On Wednesday, SMG announced that CHAS and five existing shareholders have entered into an agreement to purchase a total of 83 million shares at 60.5 cents each or $50.2 million in total. Upon completion, CHA should hold 24.13% stake in SMG. If the convertible bond is also converted, CHA stands to own 27.69%.

Under the deal, CHAS will also provide SMG a $10 million convertible loan at an interest rate of 3.5%. About 80% of the net proceeds would be reserved for M&A while the rest will be used for general business purposes, said SMG.

Assuming the loan is fully converted, SMG would have to issue 23.64 million conversion shares to CHA at a conversion price of 42.3 cents each. This would bring the total number of shares to 504.36 million or 4.92% of the existing share capital.

Meanwhile, SMG reported a 25.1% y-o-y rise in FY18 revenue to $85 million while PATMI surged 52.1% y-o-y to $12.9 million.
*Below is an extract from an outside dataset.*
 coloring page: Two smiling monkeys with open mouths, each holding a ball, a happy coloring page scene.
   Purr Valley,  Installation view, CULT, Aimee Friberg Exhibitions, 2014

This was driven by organic growth and gross margin expansion due to a higher contribution of higher-margin medical streams like its rapid growing aesthetic business SW1. Gross margins grew to 44.4% from 42.6%.

Following the acquisition of the SW1 Clinic which was operated by the ex-founders of The Sloane Clinic, SMG is in the advanced stages of expanding its aesthetics platform into the region. The SW1 branch at OUE Downtown Gallery in Singapore has opened for business to capture the office crowd, while the branch in Vietnam should start operations by 1Q19.

Management has stated that it is likely to focus efforts in securing growth from overseas markets -- especially Vietnam and Indonesia -- due to SMG’s existing footprint in both countries. It would also be looking to move its Aesthetic SW1 brand to these countries by end FY19. Further, the group is aiming to expand its imaging and diagnostics segment into these countries as well.

“Maintain ‘buy’ with new DCF-backed target price of 54 cents, down from 56 cents to account for the CB conversion," says lead analyst Lee Cai Ling.

As at 11.53am, shares in SMG are up 3.19% or 1.5 cents at 48.5 cents or 14 times FY21F earnings.